Benoît Pioulard - Temper: I fully expected this album to be one of my favorites of the year, given my ongoing fondness for his 2006 album Précis, but I keep coming away from it feeling underwhelmed. Sure, “Brown Bess” and “The Loom Pedal” equal the previous album’s highlights (“Triggering Back,” “Sous La Plage” and “Ash into the Sky”), but the novelty of his formula—bedroom singer/songwriter material treated with IDM textures alternating with sound collages—isn’t delivering the same punch this time around, despite more fleshed-out structures for the “real” songs. It’s still plausible that I’ll put it on and it’ll hit me differently, but I’m beginning to doubt the likelihood of that happening.
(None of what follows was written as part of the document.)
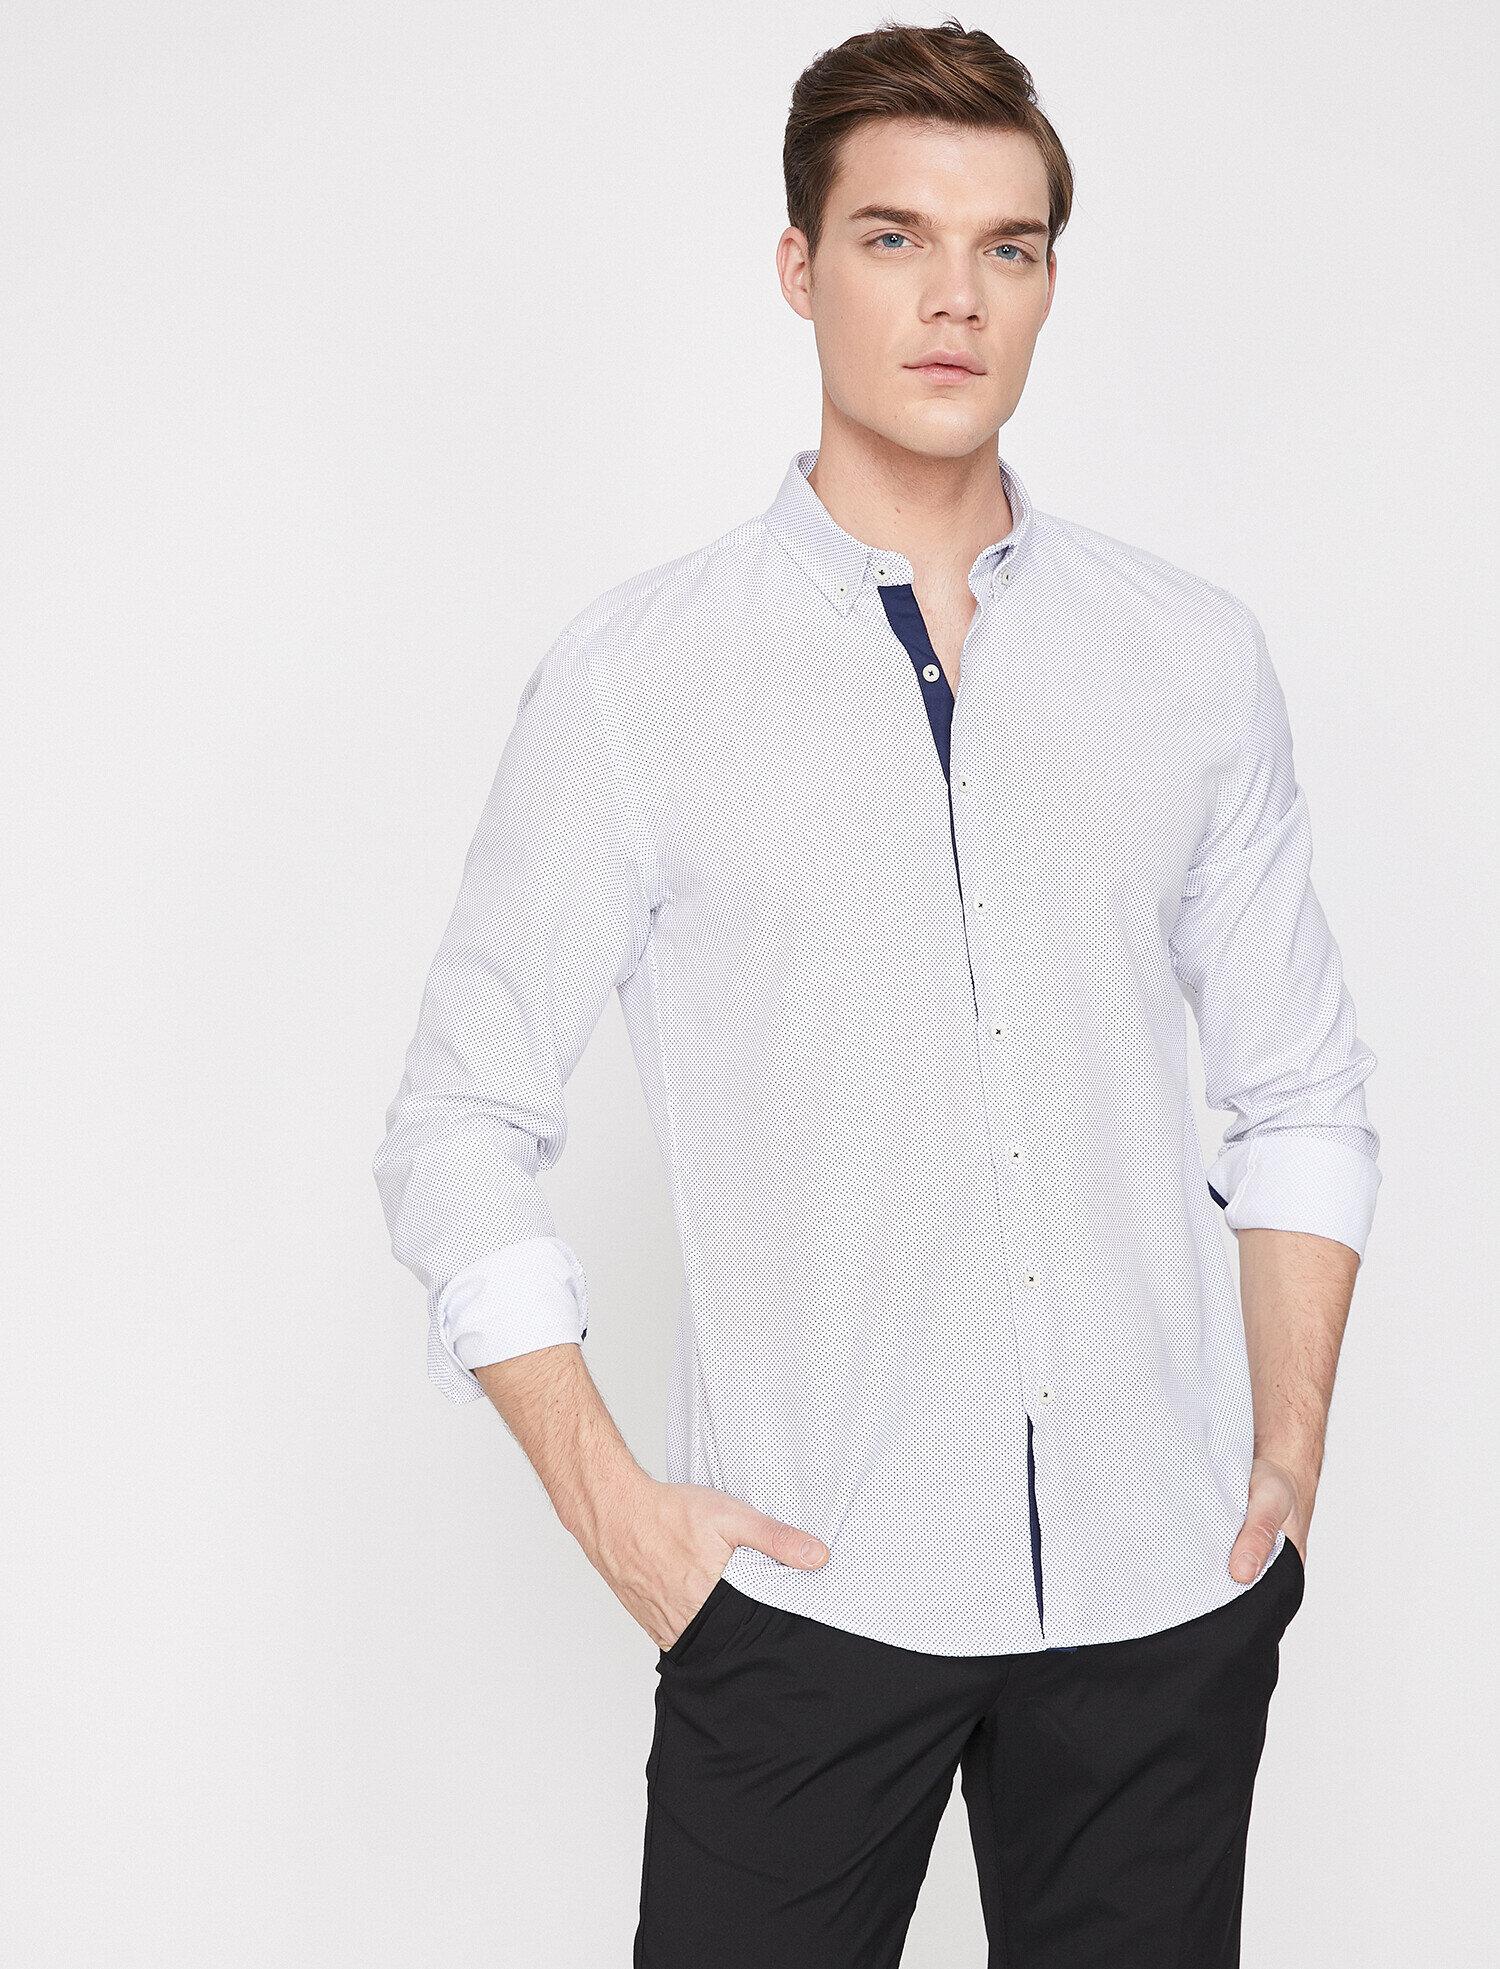 Koton Erkek Desenli Gömlek Beyaz Ürün Resmi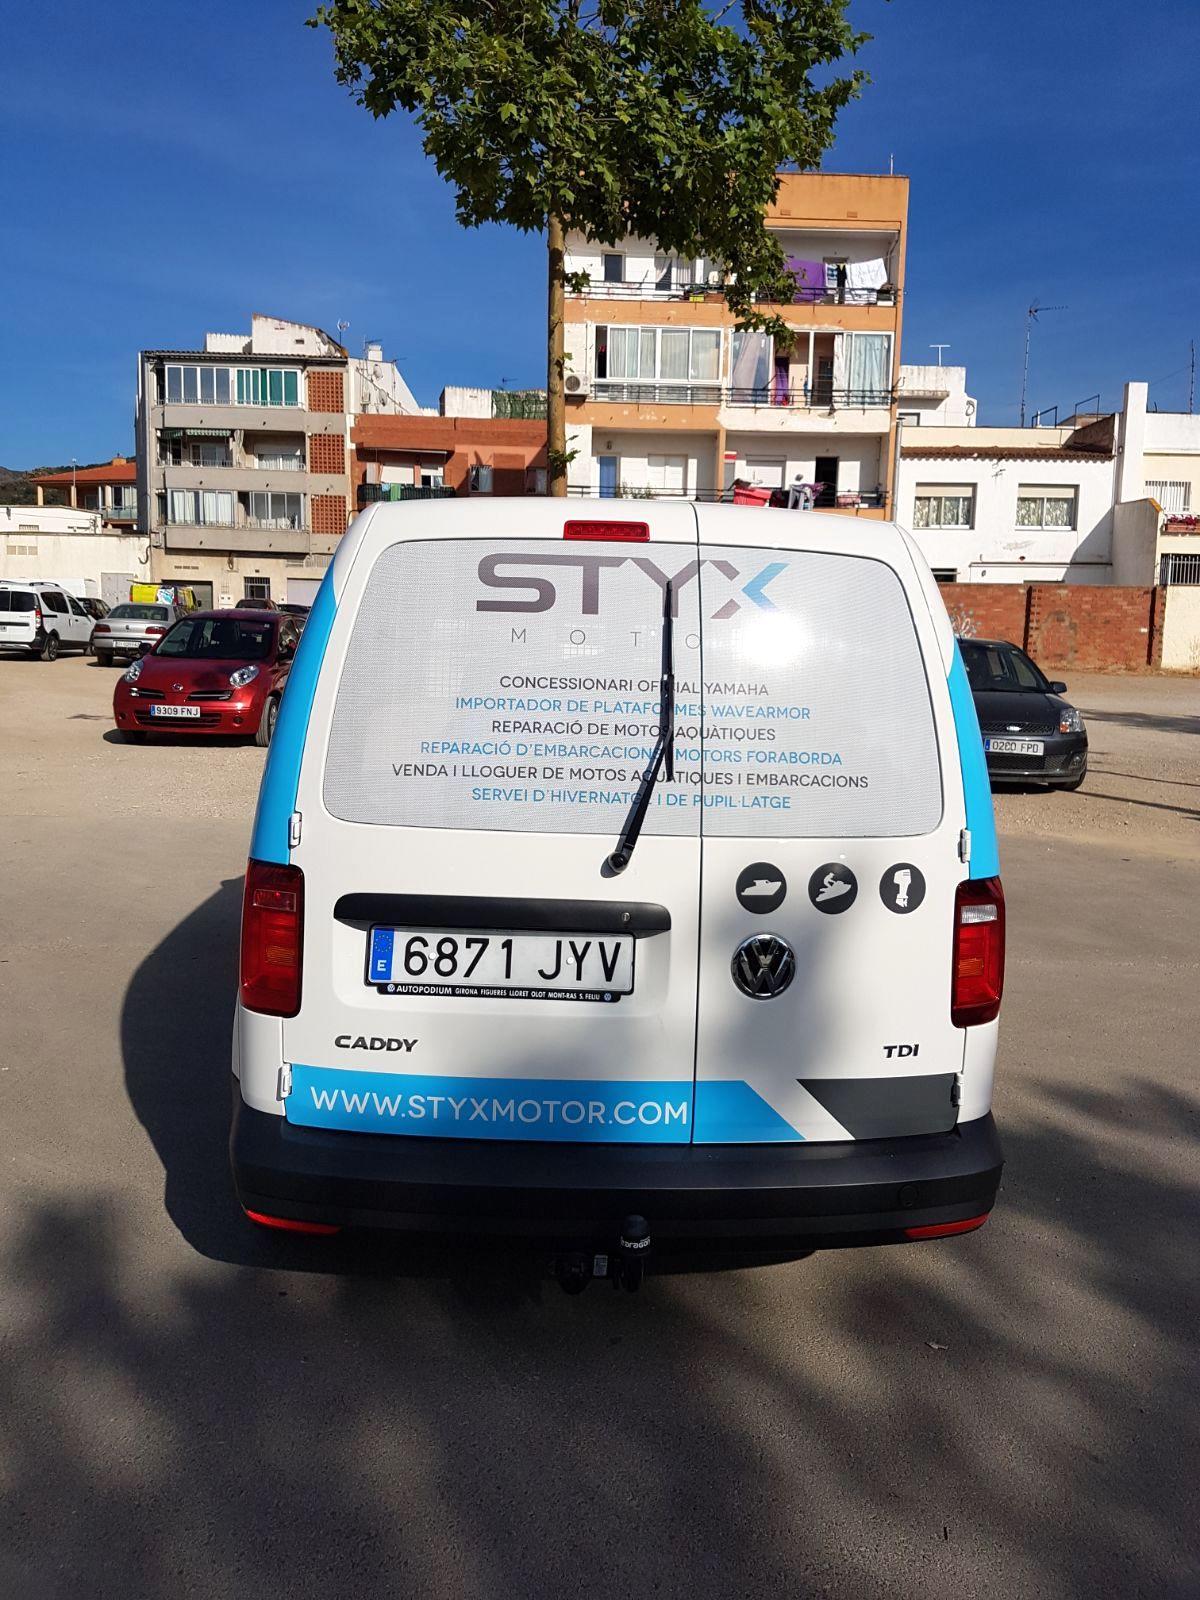 STYXMOTOR9 - Retolació vehicles

Don’t let this stop you from picking up the 2LP set of Précis and Temper, which invalidated my begrudging CD purchase of the former upon its release.
Lukestar - Lake Toba: I heard “White Shade” on the Flameshovel site and then tracked down their web site since I couldn’t determine if it was a male vocalist or not from my brief, verse-only spin. After finding their astonishing promotional photo (there’s a dead ringer for Jim Carrey in this band, for starters) and confirming my suspicion of “high-pitched male vocalist,” I watched the video for “White Shade” on YouTube and tracked down the Norwegian group's newest album. I can’t say that I understand the post-rock tag that’s floating around in reviews and press clippings, since they’re basically doing catchy, slightly off-kilter indie rock with falsetto vocals—i.e., something that fits in perfectly on Flameshovel, their American label. Closer “Peregrin” and the aforementioned “White Shade” are highlights, but the falsetto wears thin on some of the poppier tracks.
Pocahaunted - Chains: I keep wavering on whether I enjoy the droning, pseudo-Sioux psych-chants of Pocahaunted or whether I simply lose focus after fifteen minutes (approximately a song and a half) of Chains and tune it out. Maybe that has to do with my preference of “The Weight” and “No More Women” over the final two songs on the album, but the intensity of the former and the drifting swells of the latter are compelling enough. The title track is a vague cover of Fleetwood Mac’s “The Chain,” and while I prefer the Silkworm’s gang-vocals version, I’m impressed that I could recognize the original song—its bass line, at least—underneath all the gauze. I don’t have enough of a penchant for psych-rock to explore Pocahaunted’s growing discography or the recreational drug habit to fully appreciate it, but Chains is a good sampler for anyone who can stomach the idea of listening to “The Olsen twins of drone.”
Marnie Stern - This Is It and I Am It…: I view making it through almost all of this record without itching to stop it—after several failed attempts—as a monumental achievement, one I’m unlikely to repeat. This Is It… is nowhere near as spazzy or Deerhoof-derived as her debut, which is a huge step in the right direction, but Stern’s still a highly idiosyncratic artist and too many of those idiosyncrasies irk the hell out of me. She’s made significant progress with her vocal melodies, but it’s easy to overdose on chirpy exuberance. Similar to my dreams of In Advance of the Broken Arm magically reappearing as a four-song EP, I’ll condense This Is It… to “Ruler,” “Transformer,” “The Crippled Jazzer,” “The Package Is Wrapped,” and the verses of “The Devil Is in the Details.” I can’t bring myself to say that I’d prefer an album of comparably more straightforward songs like “Every Single Line Means Something,” since I can appreciate what Stern’s doing in the songs I didn’t mention, but it’s a clear case of appreciation trumping enjoyment. And since I’m not getting paid to review records, I’ll stick with enjoyment and the pared-down LPs.